Replicating the appearance of natural tooth structure requires careful control of the form, surface texture, translucency, and color of the restoration.8 Laboratory procedures that involve ceramic brand and batches,8–10 ceramic firing temperature and number of firings, and the condensation technique11–13 also could affect the final shade of the porcelain.

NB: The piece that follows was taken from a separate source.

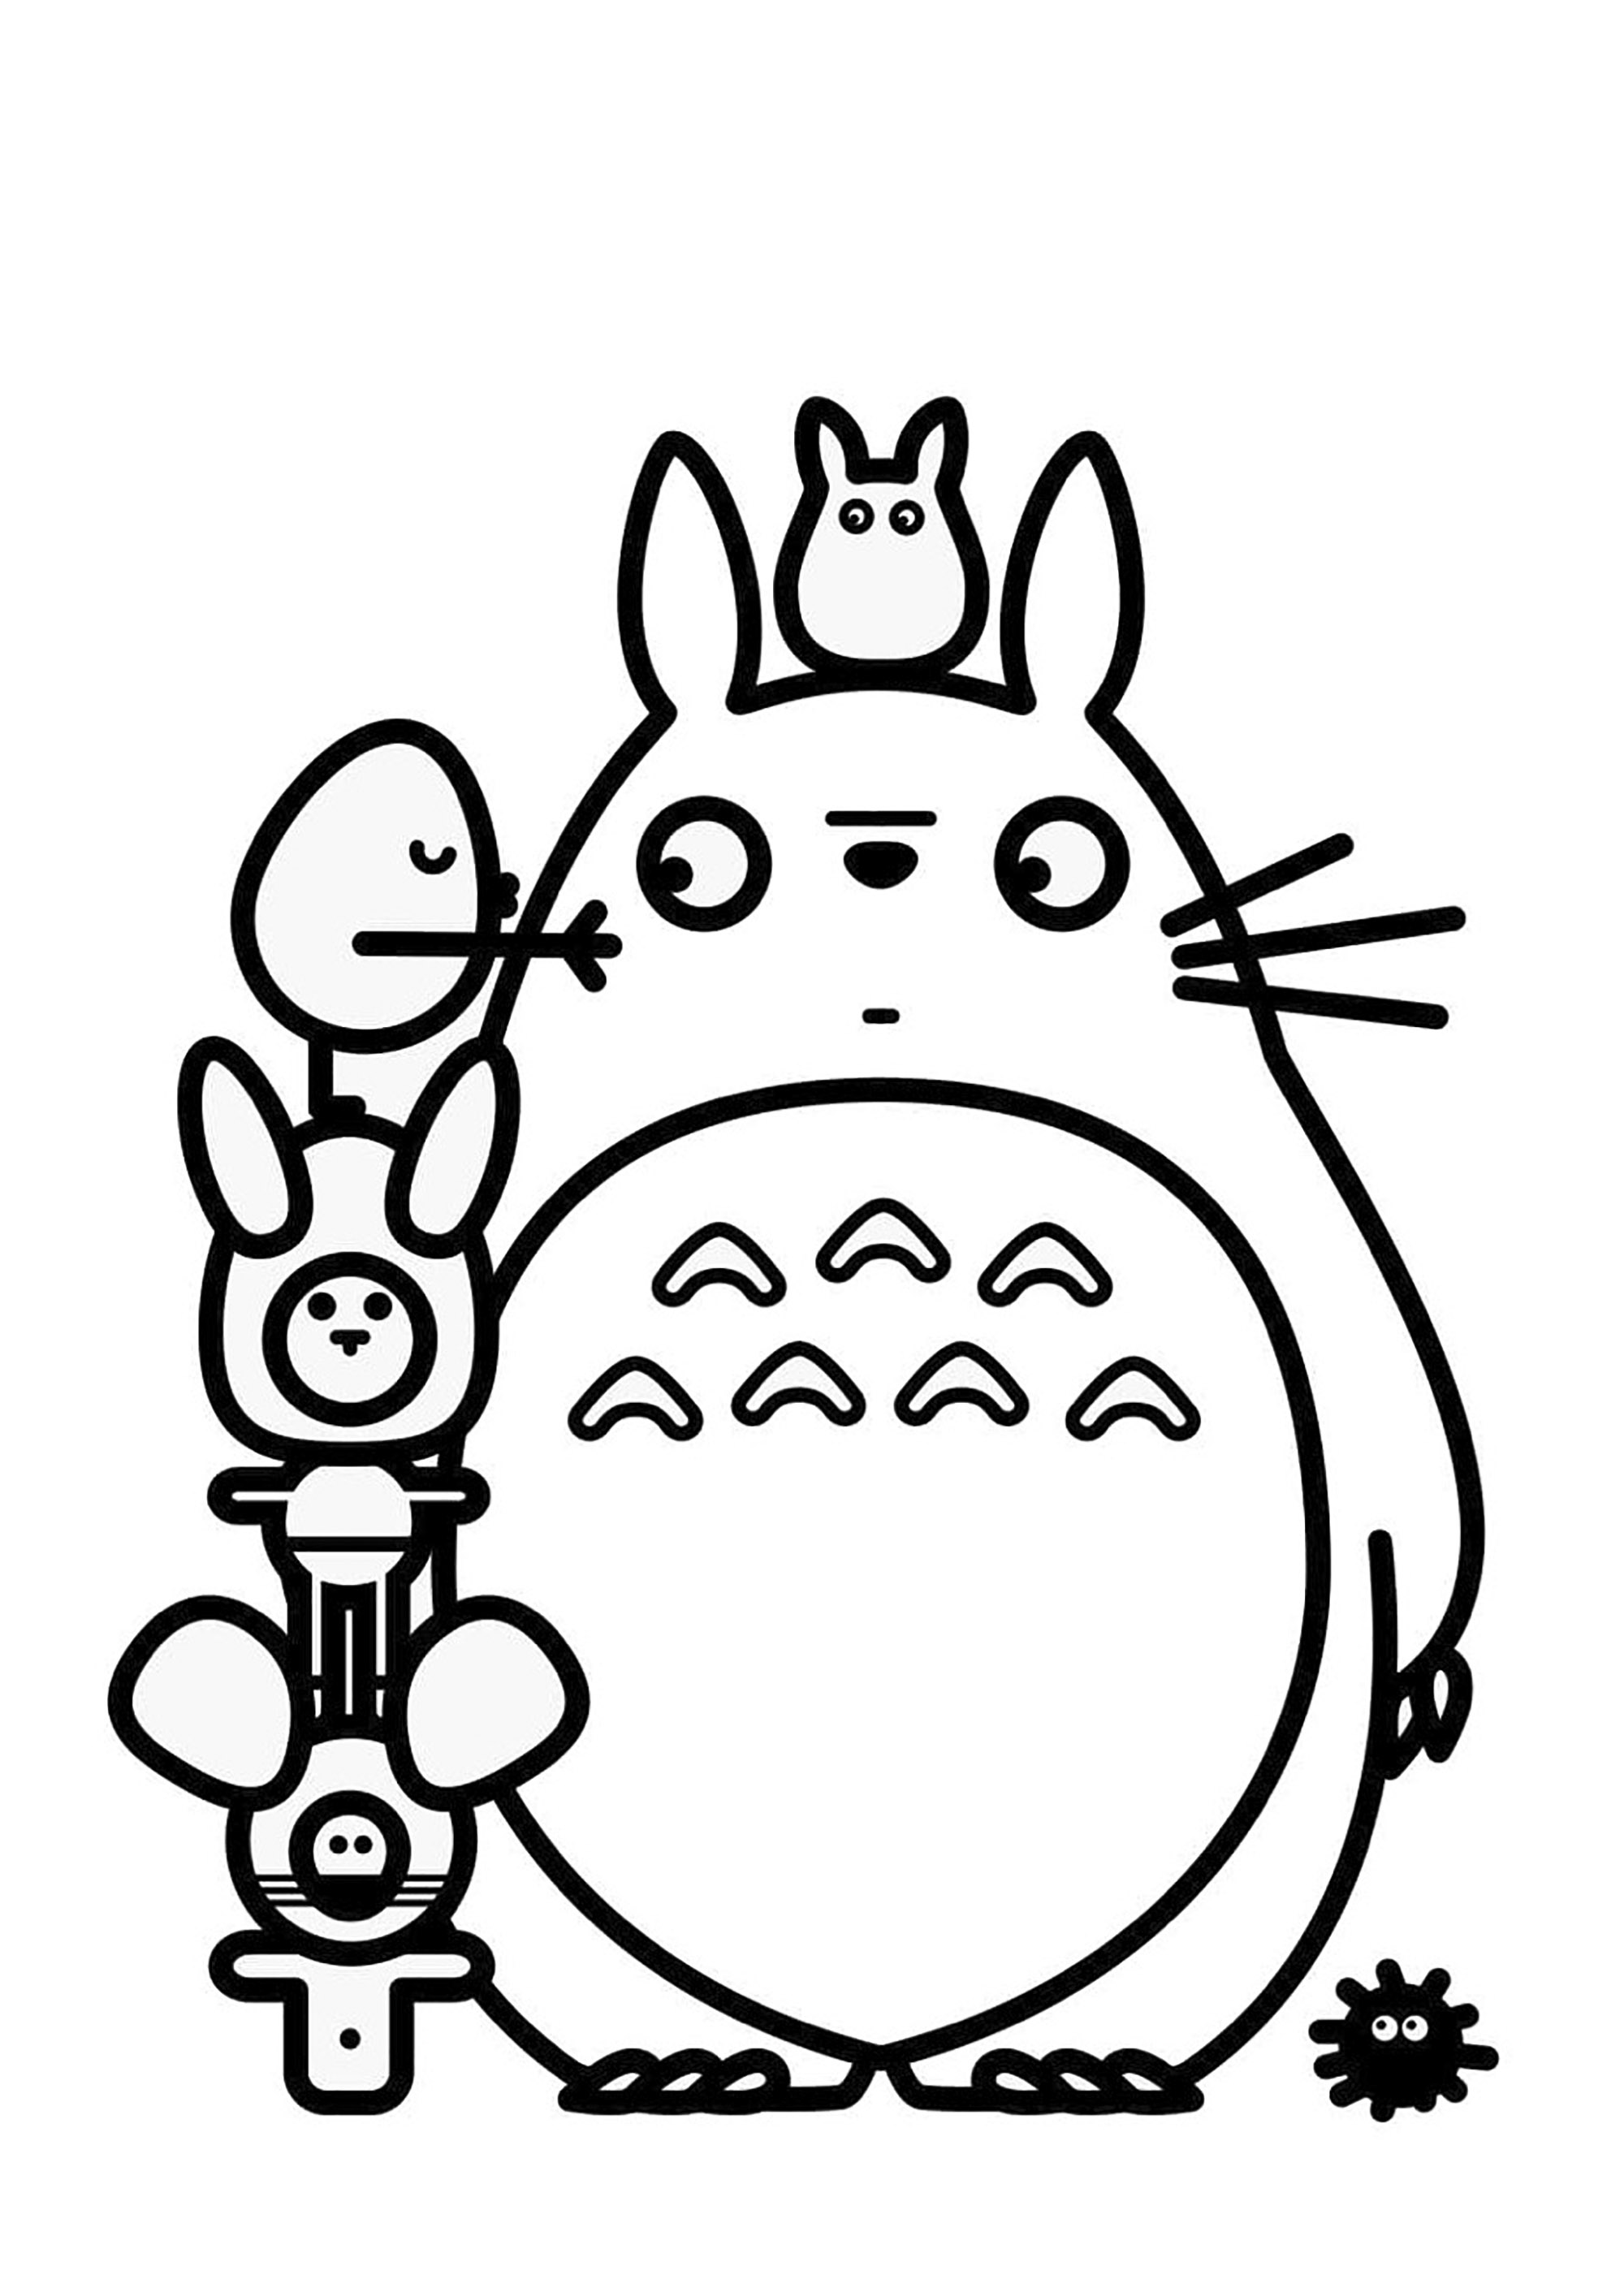 Coloriage de Totoro avec lignes épaisses. Totoro est un personnage de fiction créé en 1988 par Hayao Miyazaki du studio Ghibli, pour le film Mon voisin Totoro

Therefore, the color of the ceramic chosen may not correspond to the exact color of the tooth.14

Laboratory procedures involved in the construction of porcelain inlays, onlays, all-ceramic crowns, and veneer restorations demand the use of refractory dies of dental phosphate-bonded investment materials that are used to build, sinter, cast, and press these types of restorations.7,15,16 When fabricating metal-free feldspathic ceramic restorations with the refractory die technique, the application and high burning temperature of the ceramic are accomplished in direct contact with dental phosphate-bonded refractory die products. 7,15 Therefore, the ceramic is subjected to the influence of the investment according to its composition, surface, and physical-chemical properties.17,18

Although several studies have analyzed the mechanical properties of refractory phosphate-bonded investment materials,16,20–25 investment influence on the final color of ceramics remains unclear17,18,26 and deserves further investigation. Because color is considered a sensation obtained through proprioceptive mechanisms, and thus considered subjective, standardized colorimetric techniques were developed with the objective of transforming colors in numeric values.8 For this aim, the CIE L*a*b system of colors was created,19 eliminating inconsistencies inherent in color perception and specification among observers.8 This type of evaluation becomes important as the investment/ceramic relationship constitutes the base of the process of manufacturing ceramic restorations and is directly related to the final aesthetic quality of this type of restoration.7,15

The aim of this study was to evaluate the influence of investment type on the color of various conventional powder-slurry feldspathic ceramics. The null hypothesis tested assumed that there would be no color alteration in the ceramics for all investments tested.

MATERIALS AND METHODS

Specimen preparation

An auto-polymerized acrylic resin mold was machined as a master die for the fabrication of multiple specimens and duplicated with an elastic jelly (Duplicator VIPI, Pirassununga, Sao Paulo, Brazil). Four refractory investment materials were tested (Table 1). Each investment was placed into the jelly moulds, obtaining cylindrical refractory dies, with a central depression with a diameter of 11 mm and thickness of 1.5 mm, where the ceramics were applied and fired, simulating a refractory die for fabrication of ceramic restorations. The investment was removed from the elastic jelly moulds after 1 hour to acquire appropriate resistance.

Table 1

Details of the investment materials tested.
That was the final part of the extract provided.